Is Something Rotten in AdSense?
Today, high profile software development blogger, Joel Spolsky, posted an entry Something Rotten in AdSense. In it he talks about the problems of click fraud and in particular, click fraud coming from splogs. He comes to this rather startling conclusion:
I predict that you’ll see a massive expulsion of smaller AdSense sites by Google, and it better happen soon, or AdSense will ruin Google’s reputation among advertisers, something which could be deadly.
If you are a small publisher this may worry you. Don’t be worried. I think this is a very hasty conclusion. I have been a small publisher with AdSense, and I am very familiar with both AdSense ( I run AdMoolah) and splog (I run FightSplog). I’m not worried.
There is no denying that click fraud does exist. People will always try to click on they own ads, encourage or pay others to click on them, and maybe even, as Joel suggests, use zombie PCs to generate clicks.
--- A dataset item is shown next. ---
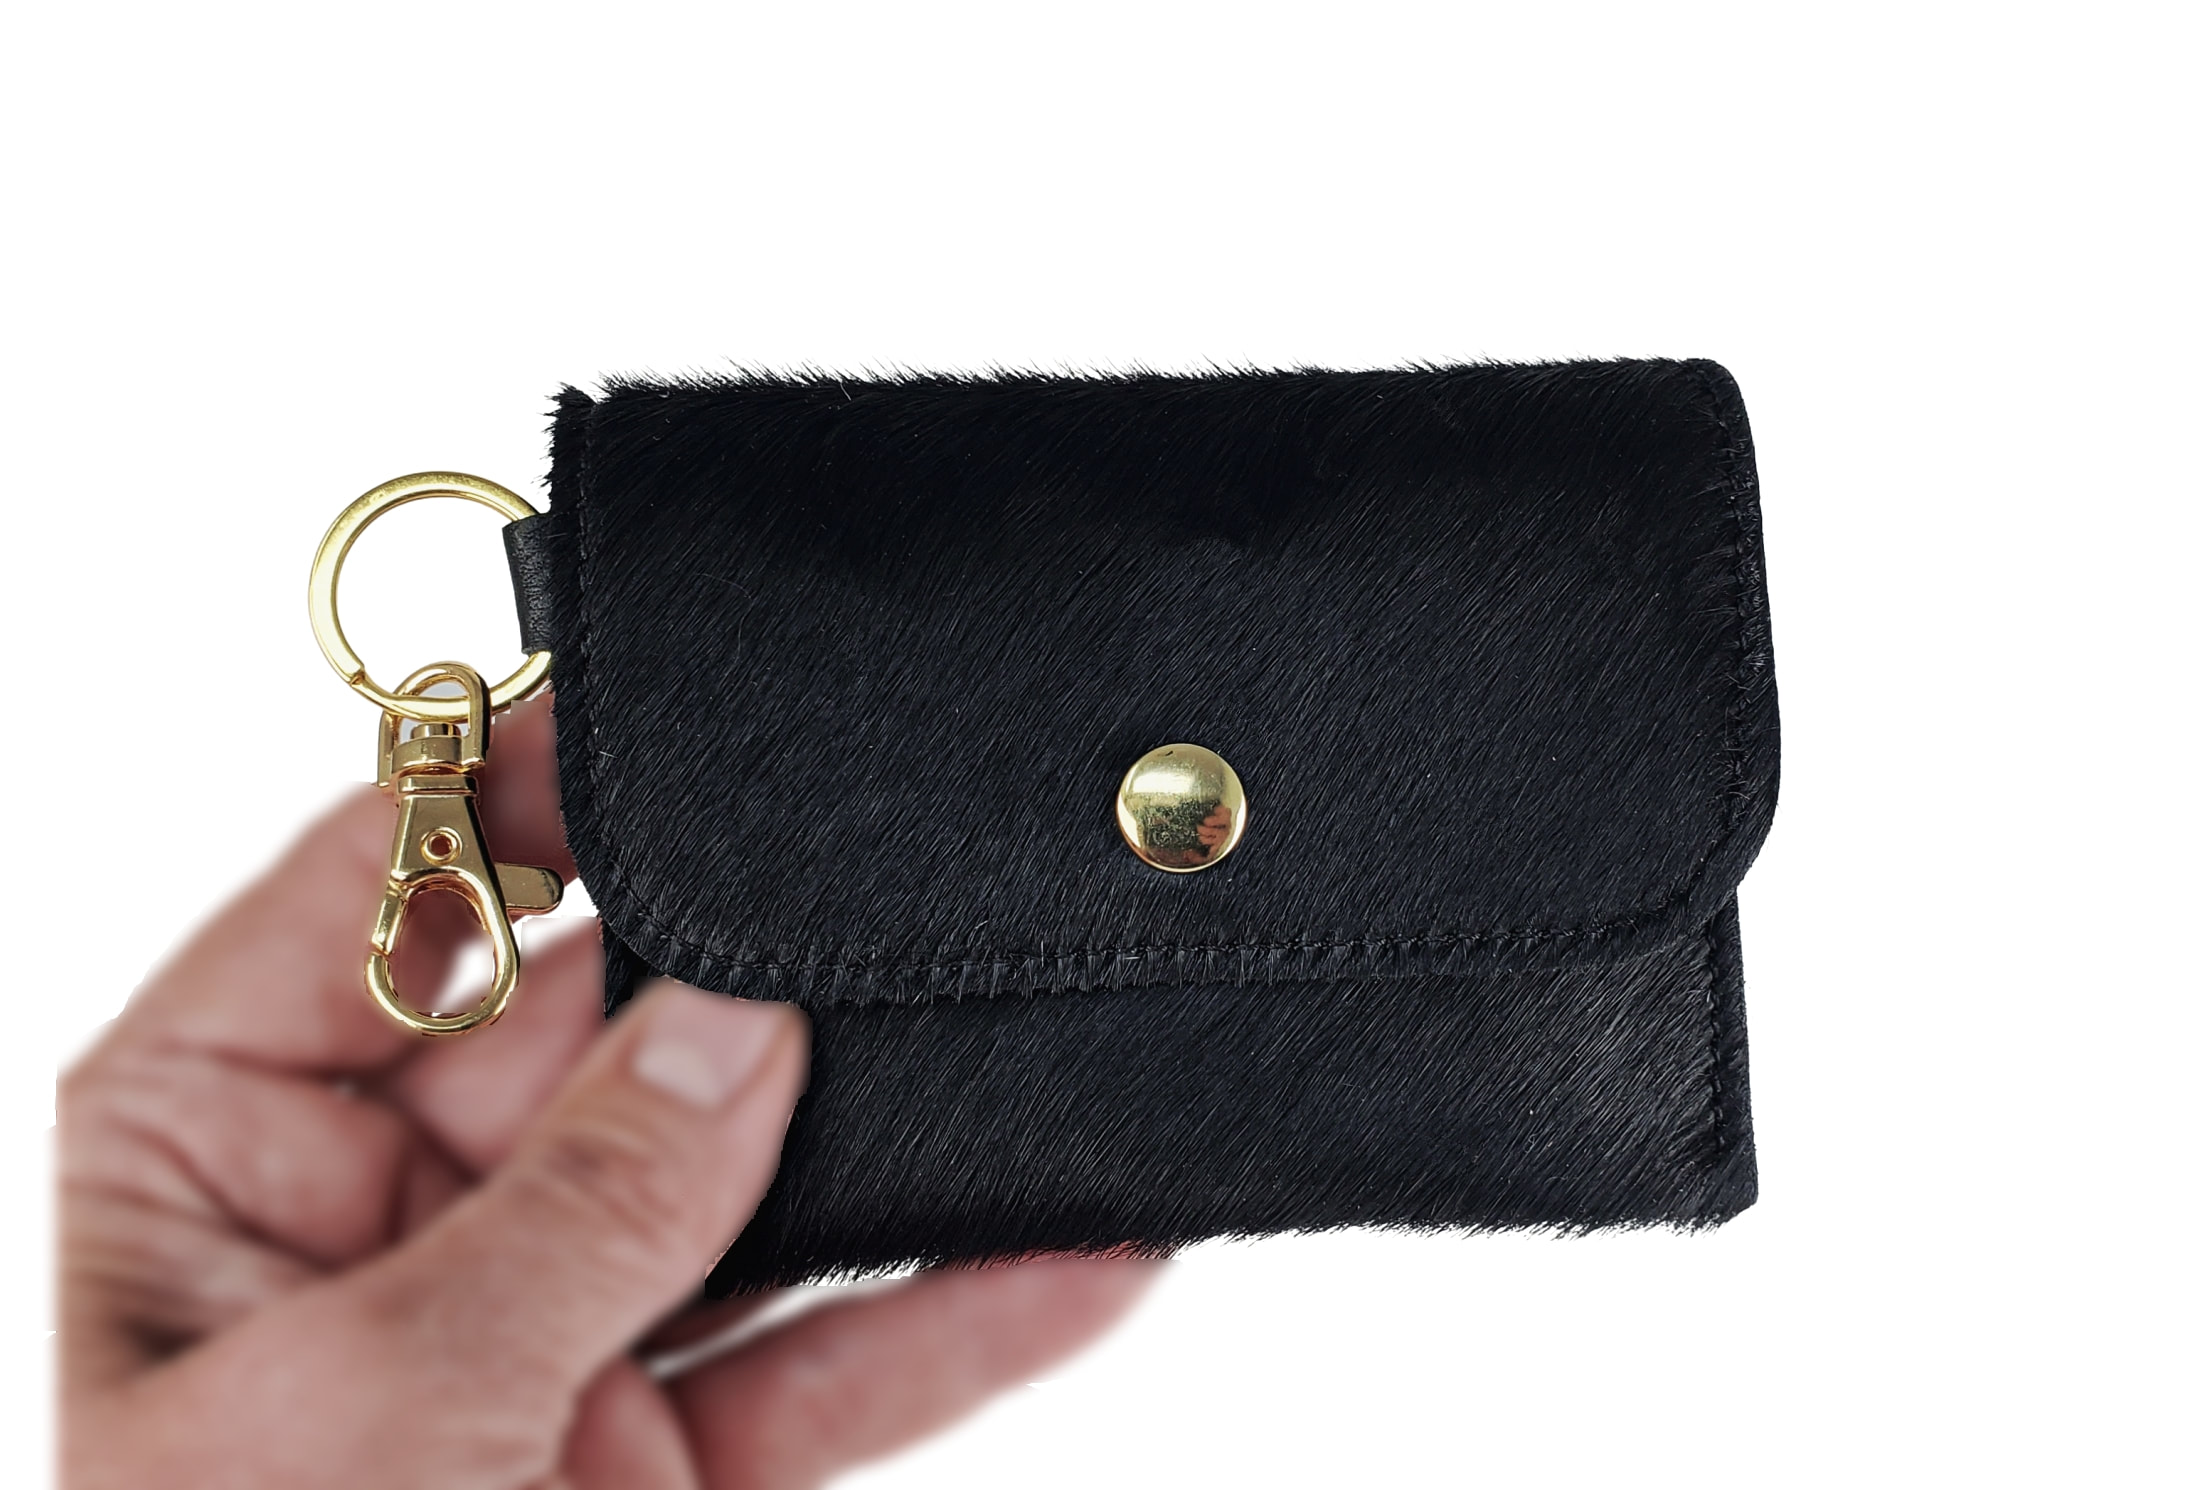 Key Chain ID Card Wallet, Cowhide Leather, Business Card Holder

But there are reasons why this won’t become the overwhelming problem Joel worries about
- Click fraud is hard to pull off on a large scale. If you try to use any one method to produce a lot of fraudulent clicks, it becomes easy for Google to track these.
- Advertisers accept some level of click fraud. Pay-per-click advertising has been shown to produce a good ROI for many advertisers. The advertisers recognize that some click fraud is going to happen, but as long as the overall ROI remains good, it is an acceptable problem.
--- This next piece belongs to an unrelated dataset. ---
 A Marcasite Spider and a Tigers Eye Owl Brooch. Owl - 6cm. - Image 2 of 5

- If it really becomes a problem, Google can start to audit publisher web sites on a site by site basis. They could use automated filters to flag any suspicious sites and not allow them into the network. Of course there will need to be an appeal process to let legitimate sites into the network after human review, but this shouldn’t be a big deal for Google to take care of.
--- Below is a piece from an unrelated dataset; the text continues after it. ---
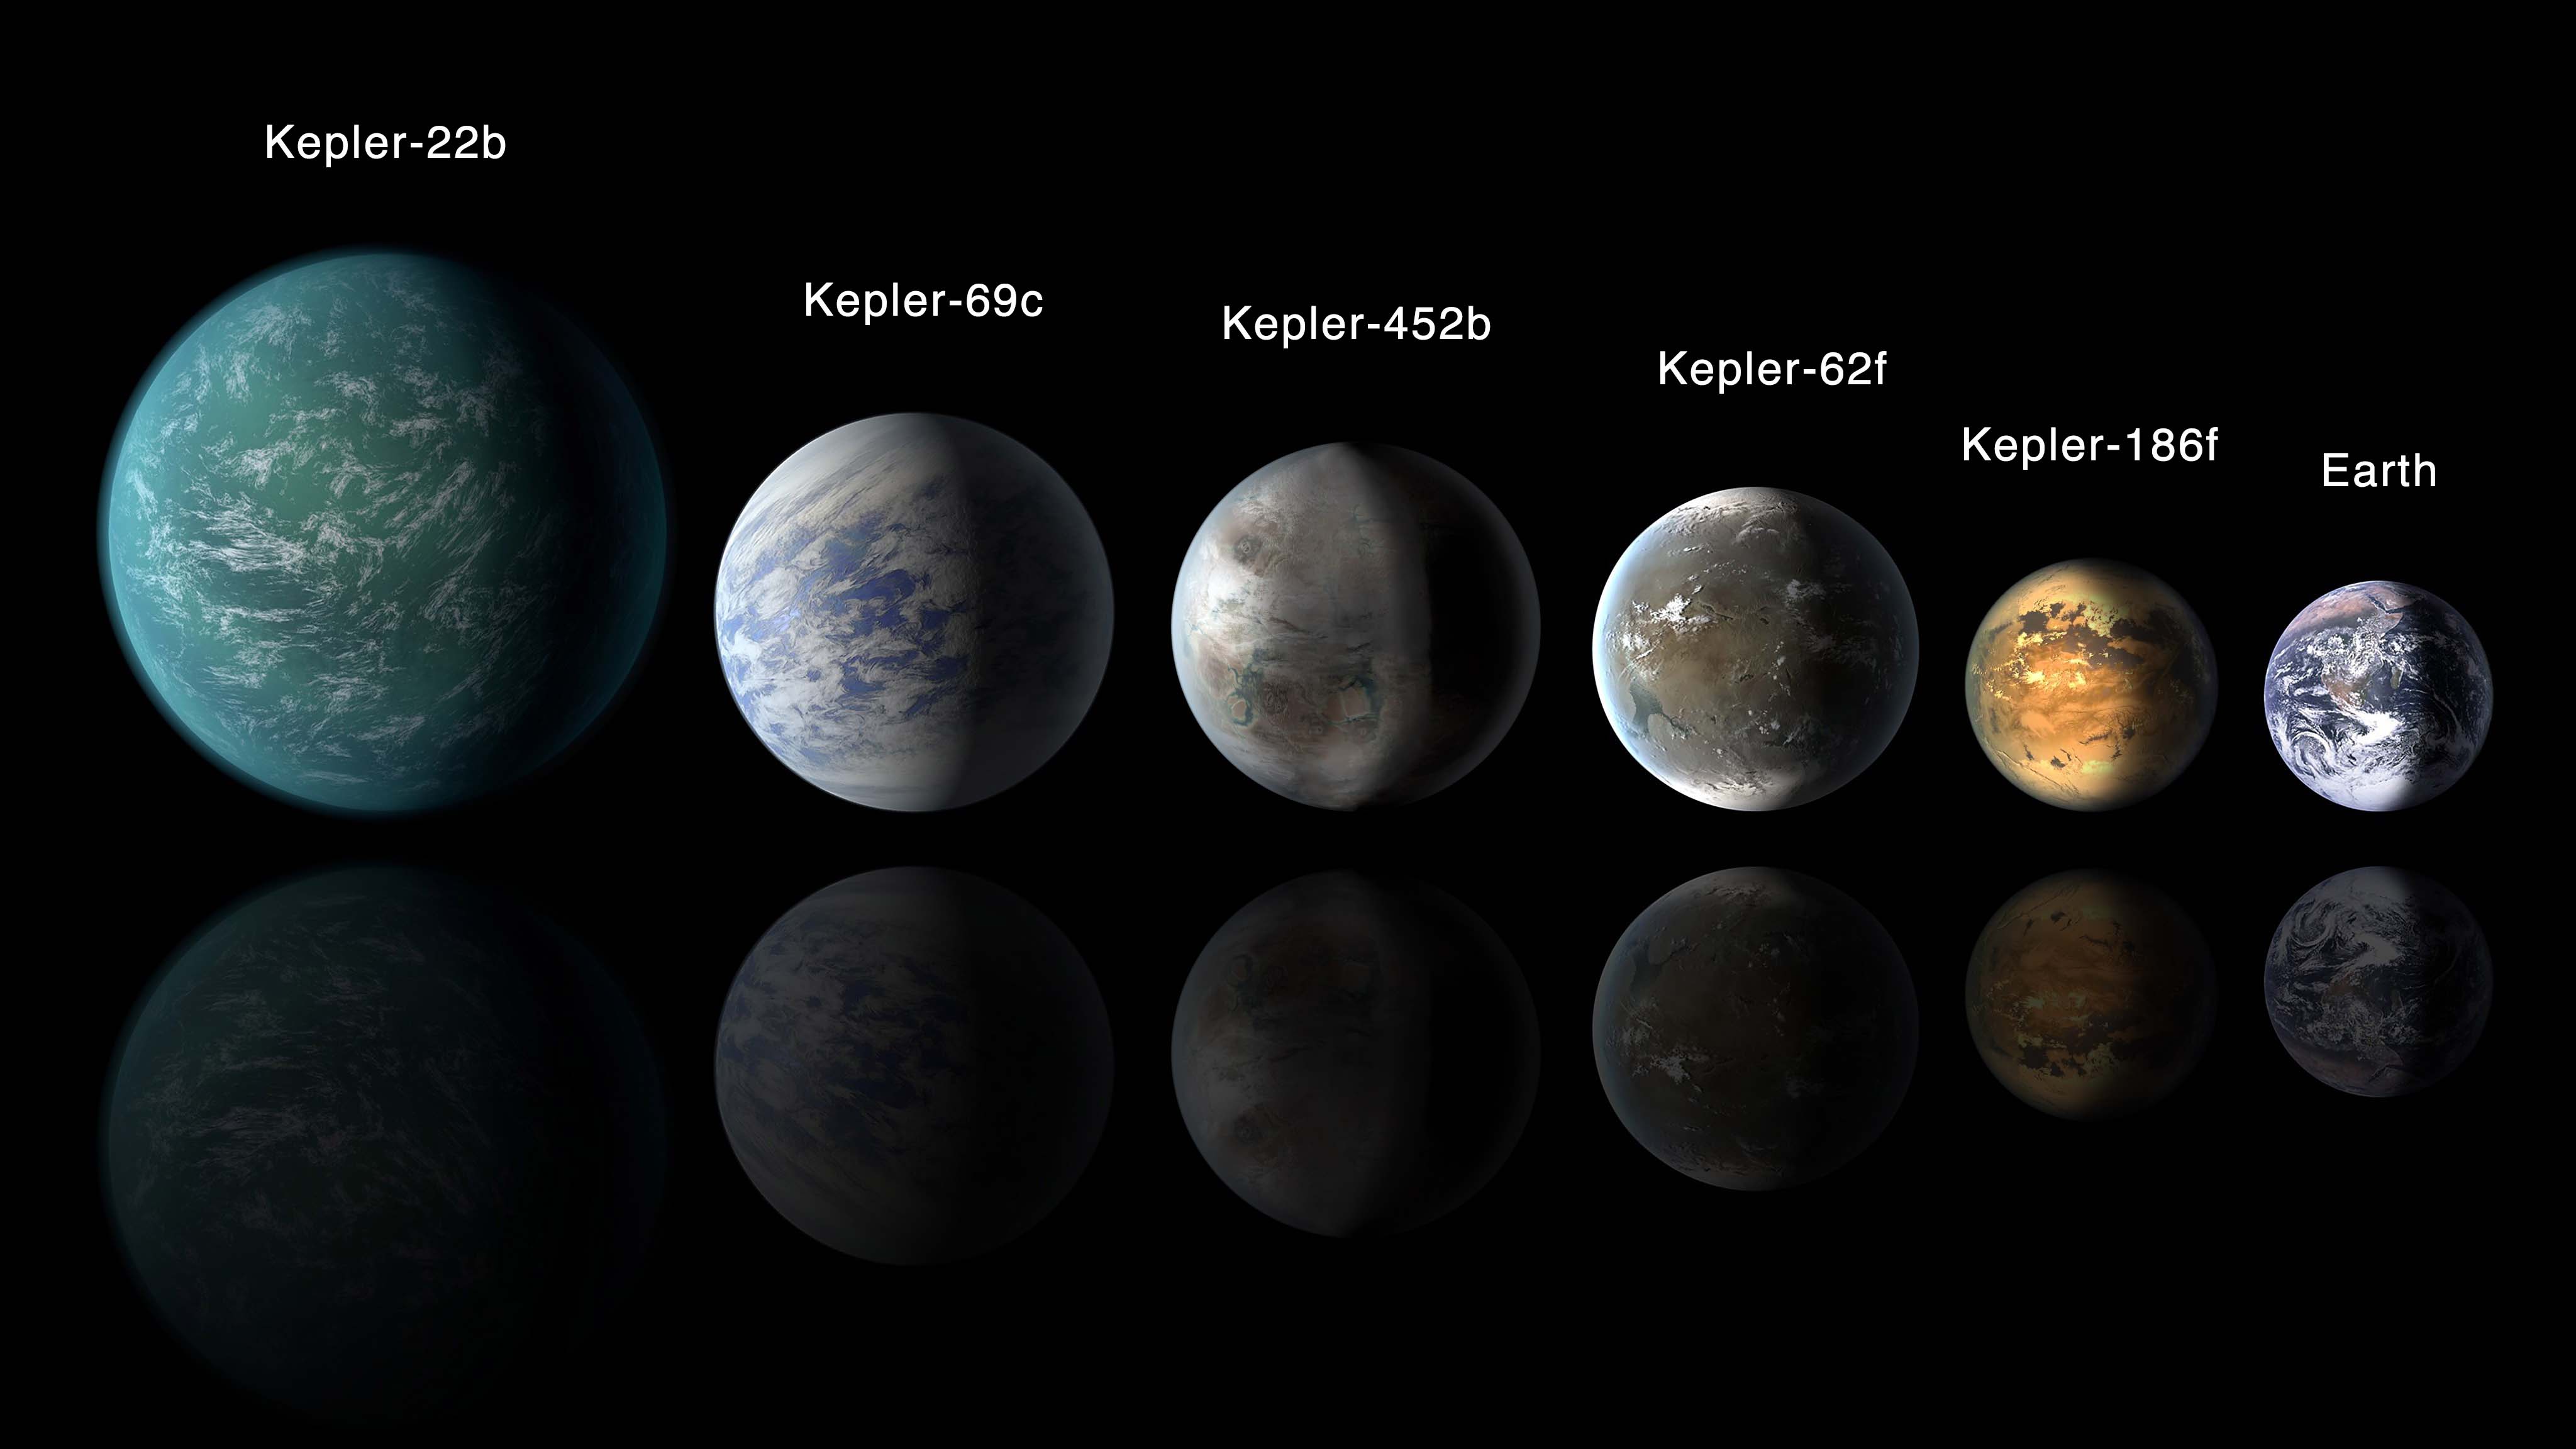 Finding Another Earth: Candidate Lineup

- Smart pricing helps control costs. Any sites that get clicks that produce poor results for advertisers will be hit by smart pricing. This reduces the cost of clicks on poor quality sites, and helps mitigate the problem.
- Advertisers don’t need to use small publishers. If an advertiser feels that the clicks from small publishers don’t have enough ROI to justify the ads, the advertiser simply won’t use the sites. Advertisers can use site-targeting to select just the sites that they want their ads to appear.
Don’t worry, Joel, the sky is not falling. Do you thing Yahoo! and MSN would both be trying to join in on this game if it was a doomed business model?